«—Ah! s'écria-t-il, c'est là mon désir! Combien je serais satisfait d'être le tuteur et le soutien de cet enfant! Je pense tout comme vous, monsieur de Chateaubriand: prendre le duc de Bordeaux serait certainement ce qu'il y aurait de mieux à faire. Je crains seulement que les événements ne soient plus forts que nous.—Plus forts que nous, monseigneur? N'êtes-vous pas investi de tous les pouvoirs? Allons rejoindre Henri V; appelez auprès de vous, hors de Paris, les Chambres et l'armée. Sur le seul bruit de votre départ, toute cette effervescence tombera, et l'on cherchera un abri sous votre pouvoir éclairé et protecteur.»
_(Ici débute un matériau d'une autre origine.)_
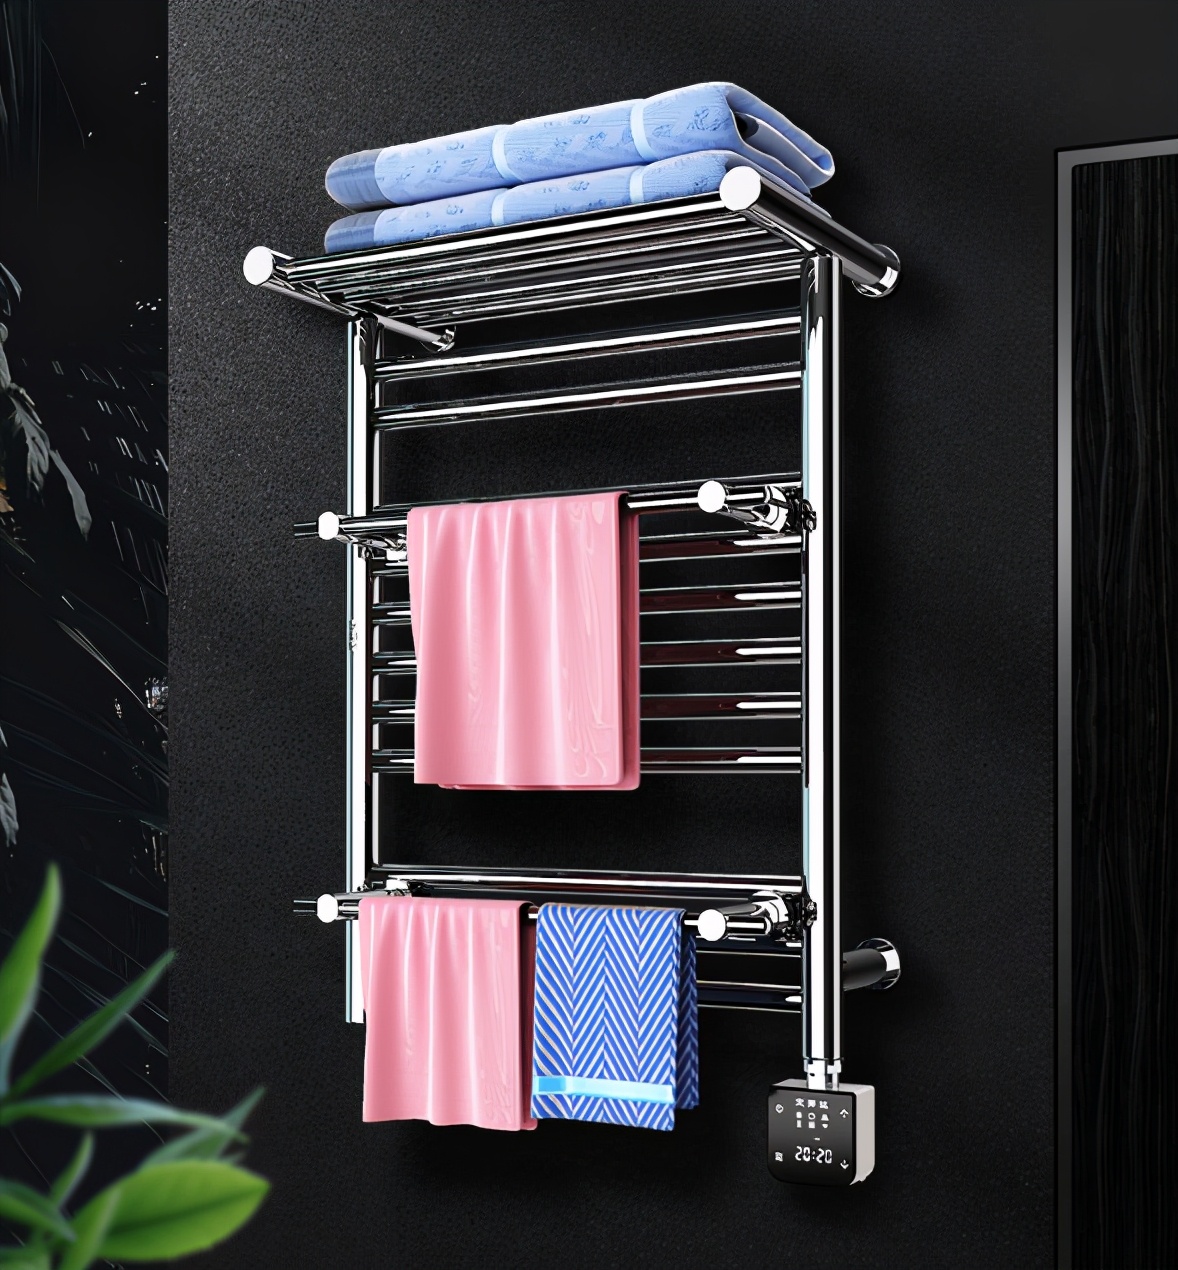 艾芬达智能电热毛巾架 以品质力促卫浴消费升级

Pendant que je parlais, j'observais Philippe. Mon conseil le mettait mal à l'aise; je lus sur son front le désir d'être roi. «Monsieur de Chateaubriand, me dit-il sans me regarder, la chose est plus difficile que vous ne le pensez; cela ne va pas comme cela. Vous ne savez pas dans quel péril nous sommes. Une bande furieuse peut se porter contre les Chambres aux derniers excès, et nous n'avons rien pour nous défendre.»
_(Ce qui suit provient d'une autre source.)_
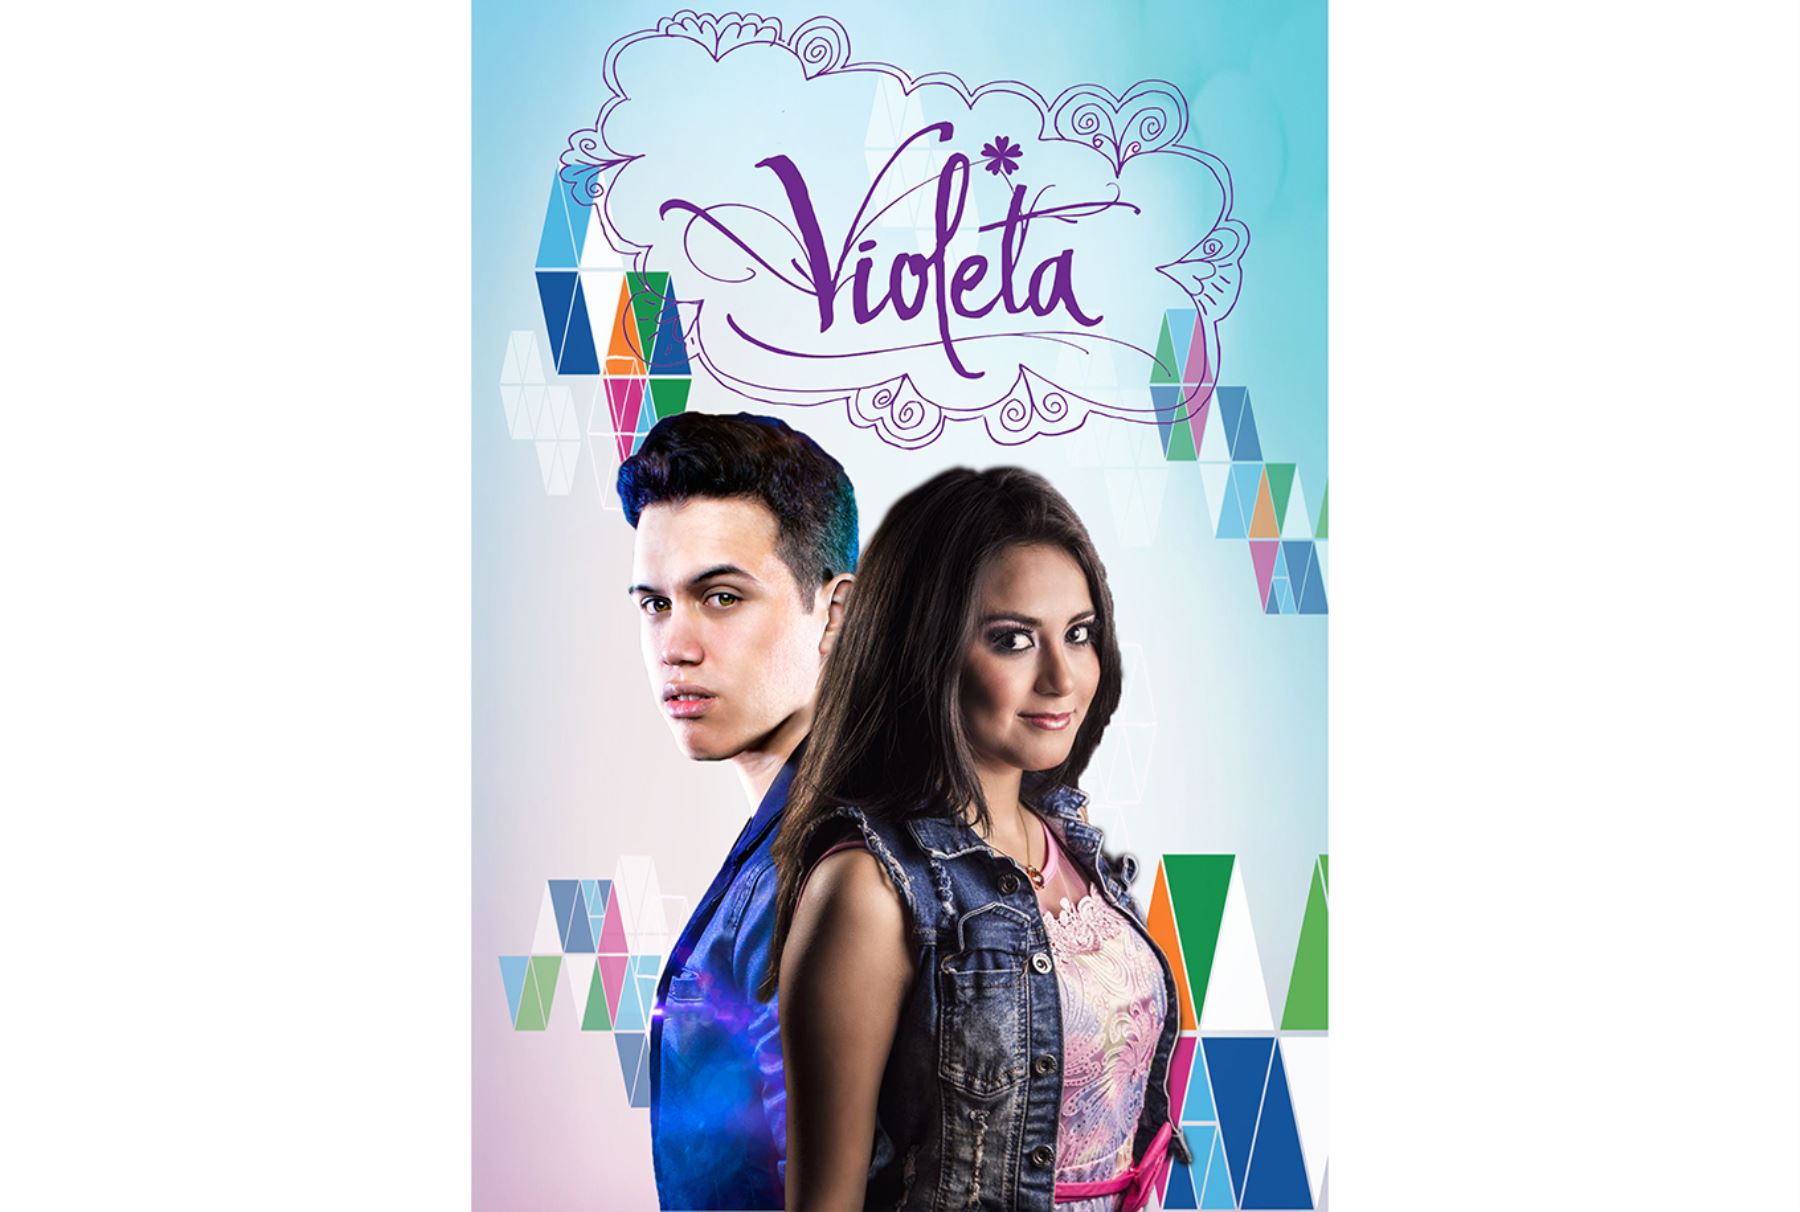 Puesta musical "Violeta".

Cette phrase échappée à M. le duc d'Orléans me fit plaisir parce qu'elle me fournissait une réplique péremptoire. «Je conçois cet embarras, monseigneur; mais il y a un moyen sûr de l'écarter. Si vous ne croyez pas pouvoir rejoindre Henri V, comme je le proposais tout à l'heure, vous pouvez prendre une autre route. La session va s'ouvrir: quelle que soit la première proposition qui sera faite par les députés, déclarez que la Chambre actuelle n'a pas les pouvoirs nécessaires (ce qui est la vérité pure) pour disposer de la forme du gouvernement; dites qu'il faut que la France soit consultée, et qu'une nouvelle assemblée soit élue avec des pouvoirs ad hoc pour décider une aussi grande question. Votre Altesse Royale se mettra de la sorte dans la position la plus populaire; le parti républicain, qui fait aujourd'hui votre danger, vous portera aux nues. Dans les deux mois qui s'écouleront jusqu'à l'arrivée de la nouvelle législature, vous organiserez la garde nationale; tous vos amis et les amis du jeune roi travailleront avec vous dans les provinces. Laissez venir alors les députés, laissez se plaider publiquement à la tribune la cause que je défends. Cette cause, favorisée en secret par vous, obtiendra l'immense majorité des suffrages. Le moment d'anarchie étant passé, vous n'aurez plus rien à craindre de la violence des républicains. Je ne vois pas même qu'il soit très difficile d'attirer à vous le général La Fayette et M. Laffitte. Quel rôle pour vous, monseigneur! vous pouvez régner quinze ans sous le nom de votre pupille; dans quinze ans, l'âge du repos sera arrivé pour nous tous; vous aurez eu la gloire, unique dans l'histoire, d'avoir pu monter au trône et de l'avoir laissé à l'héritier légitime; en même temps, vous aurez élevé cet enfant dans les lumières du siècle, et vous l'aurez rendu capable de régner sur la France: une de vos filles pourrait un jour porter le sceptre avec lui.»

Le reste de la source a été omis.